| WORKING DATA |

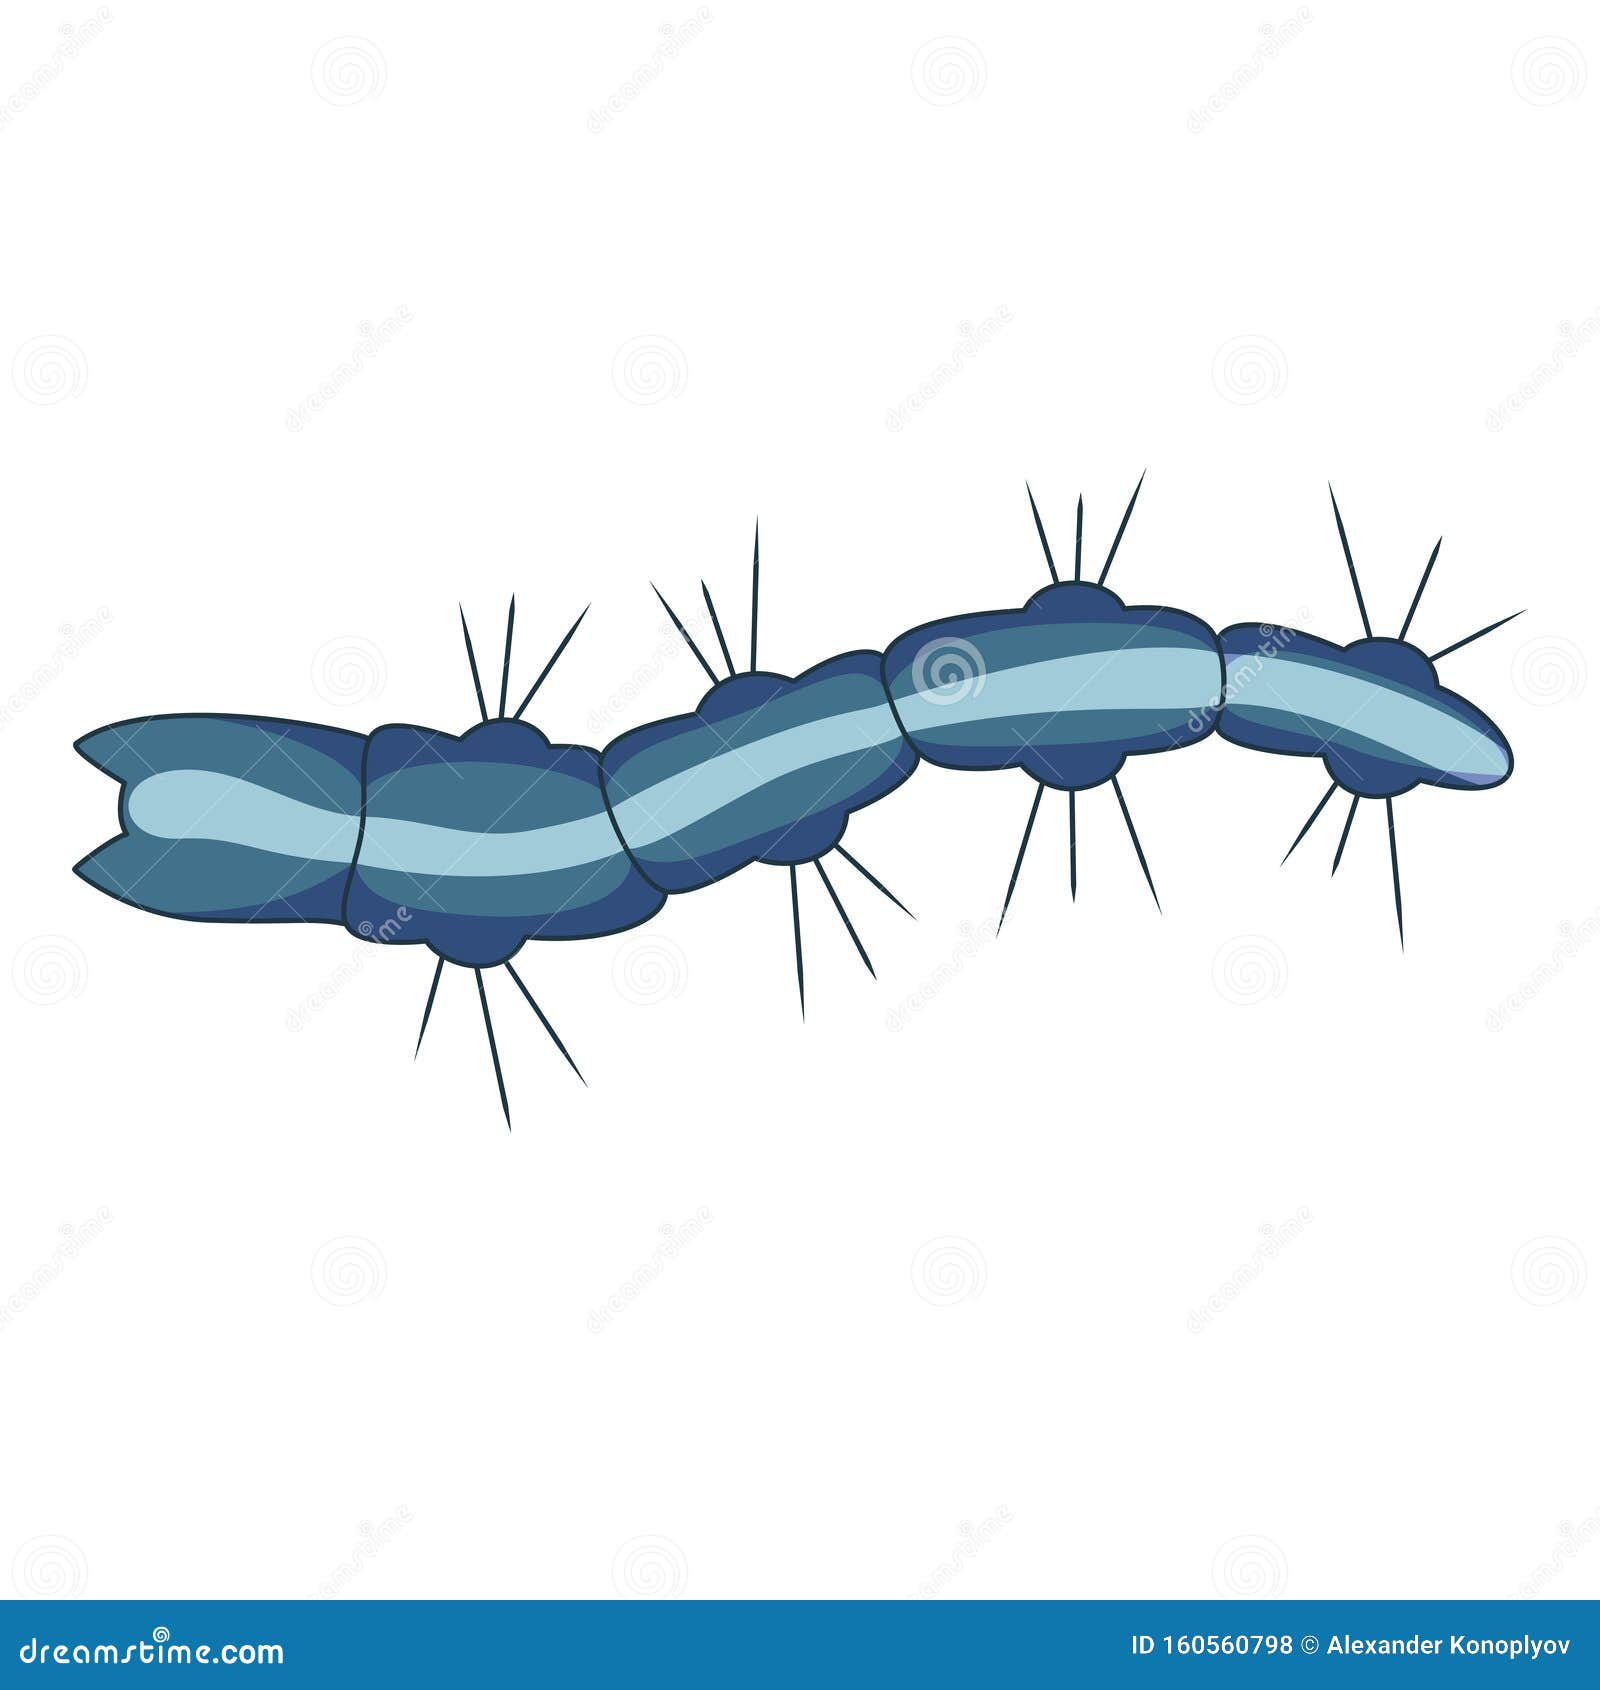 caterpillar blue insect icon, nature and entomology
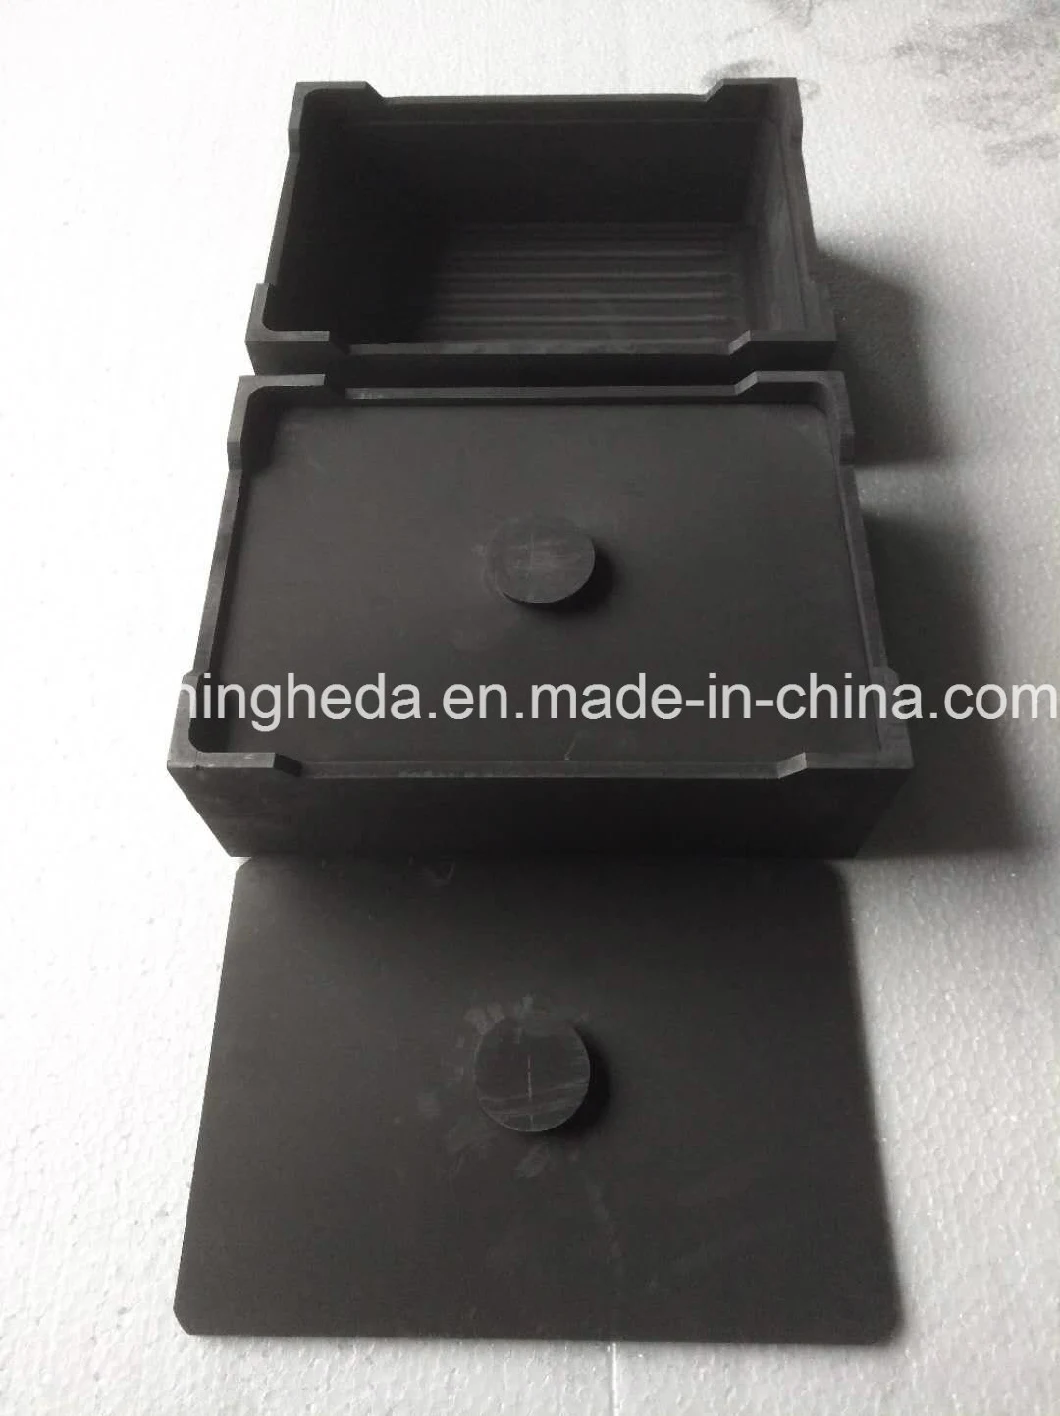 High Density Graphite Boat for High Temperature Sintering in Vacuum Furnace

--

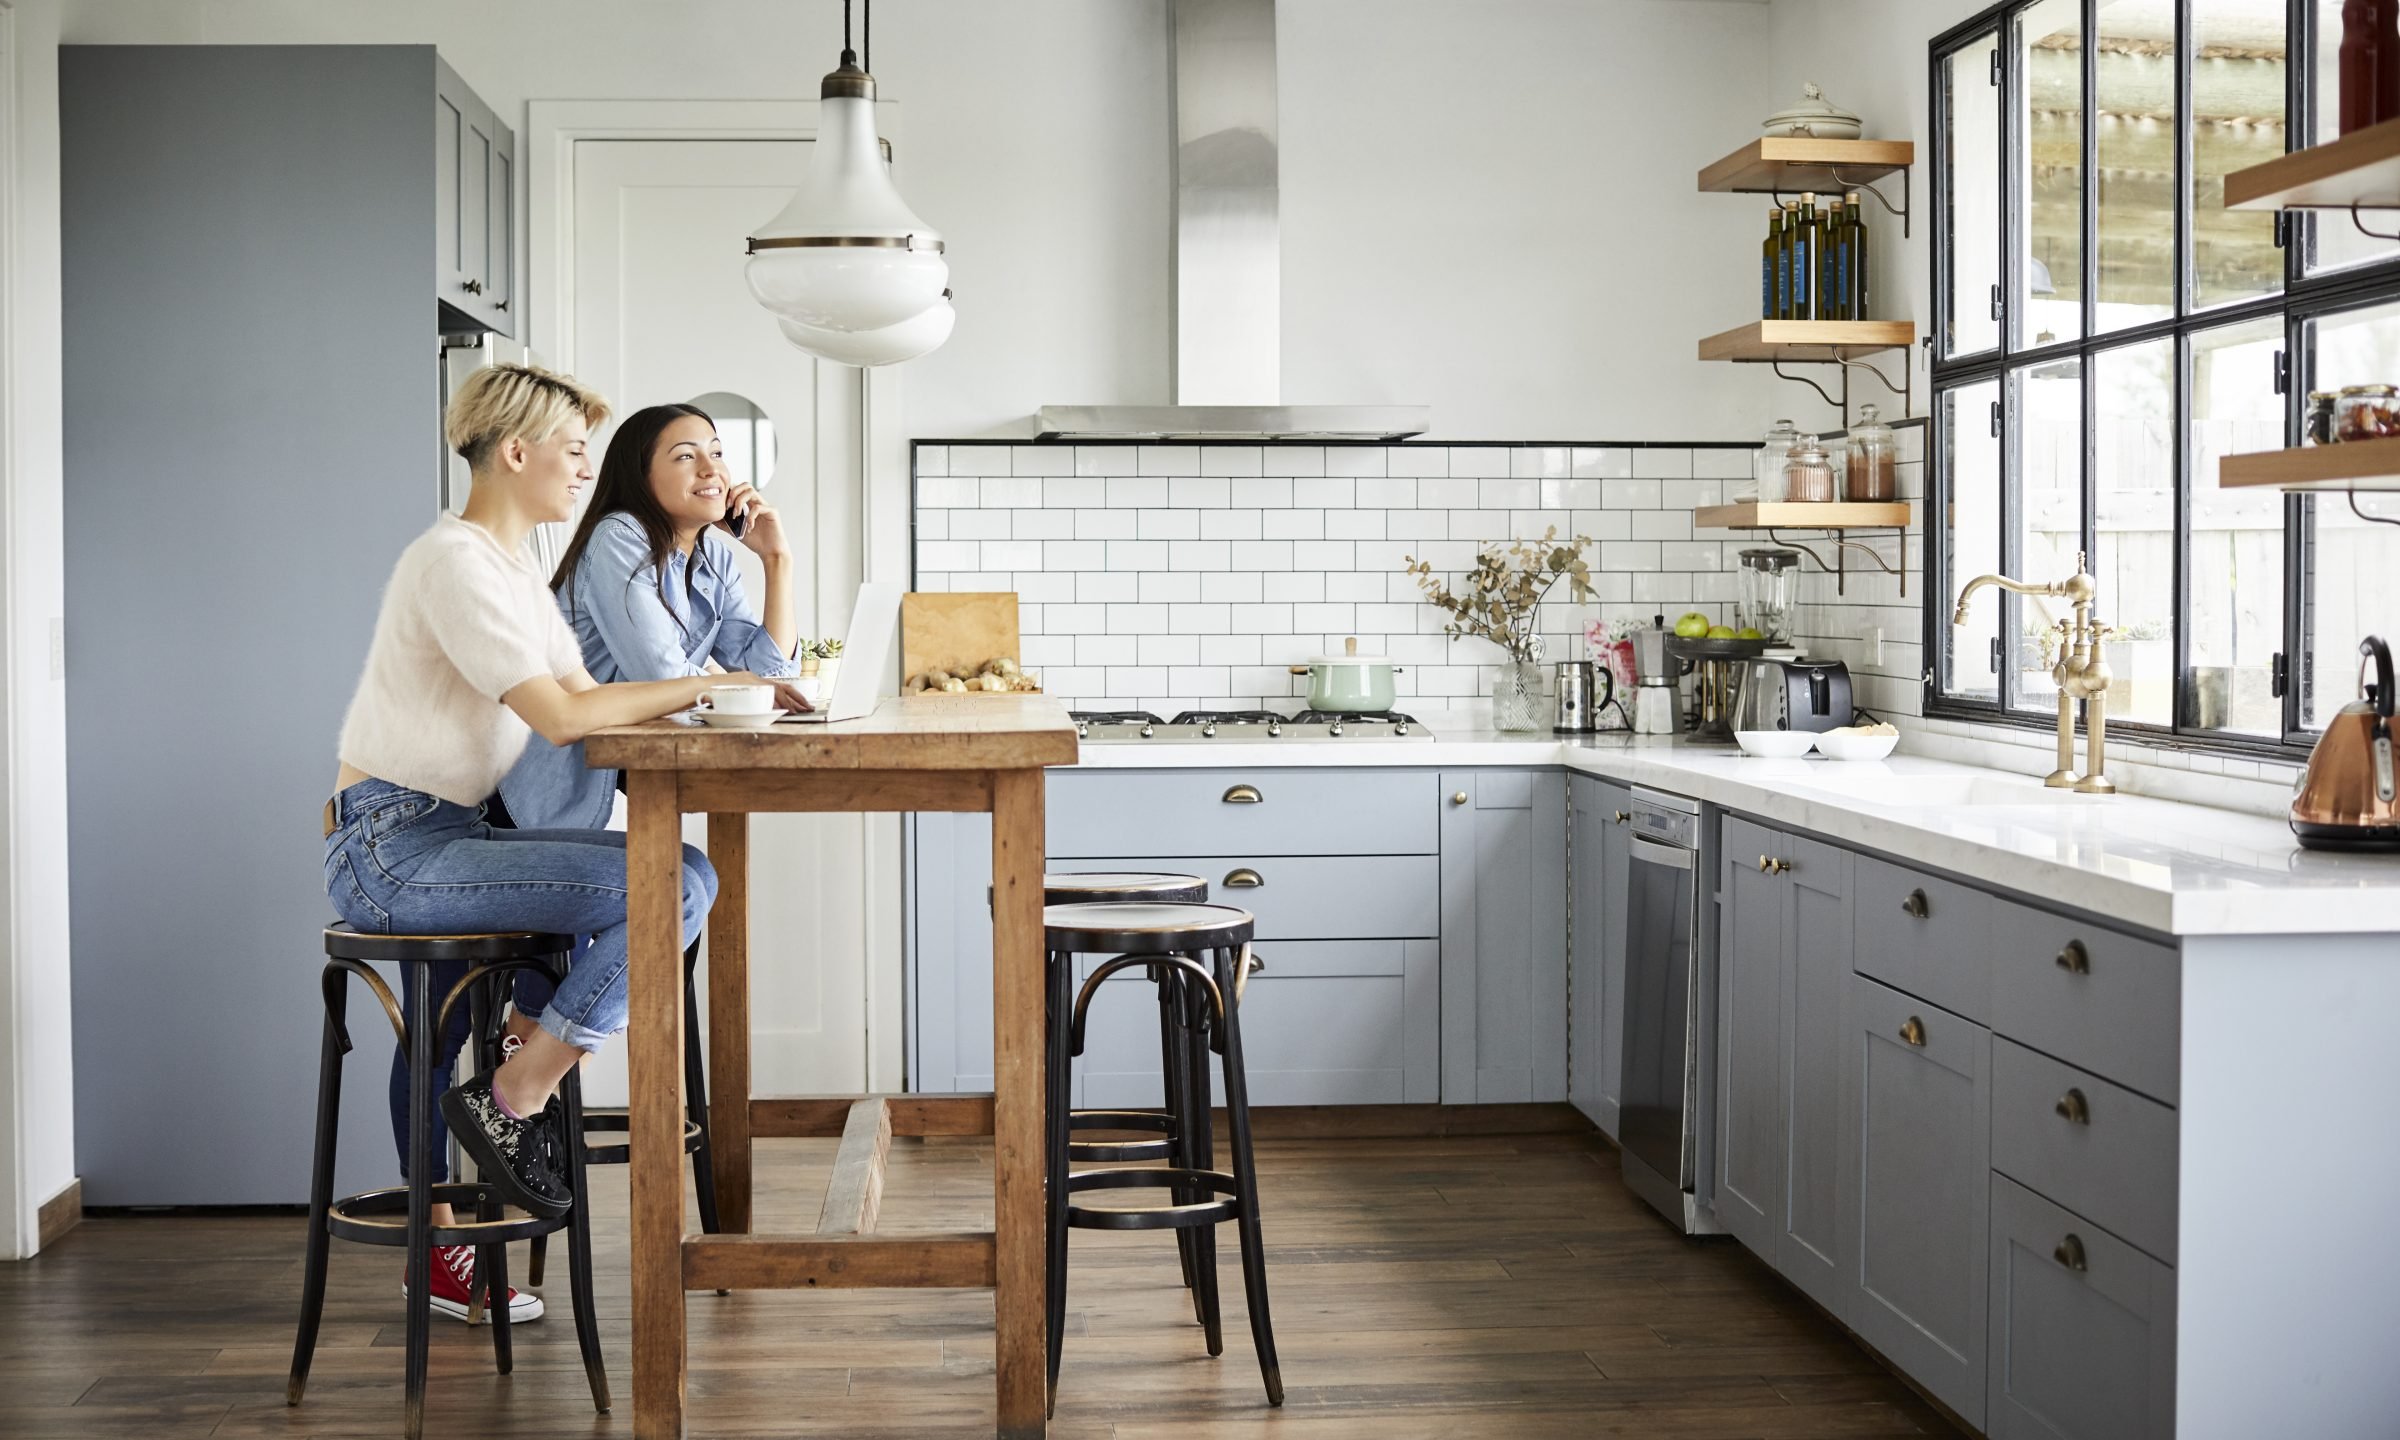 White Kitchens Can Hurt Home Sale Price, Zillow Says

| WHAT IS REQUIRED |
Above is the material; set down exactly its lines from the one containing "caterpillar blue insect" down to the one containing "High Density Graphite", both included, leaving out any pictures.

| EXPECTED ANSWER |
 caterpillar blue insect icon, nature and entomology
 High Density Graphite Boat for High Temperature Sintering in Vacuum Furnace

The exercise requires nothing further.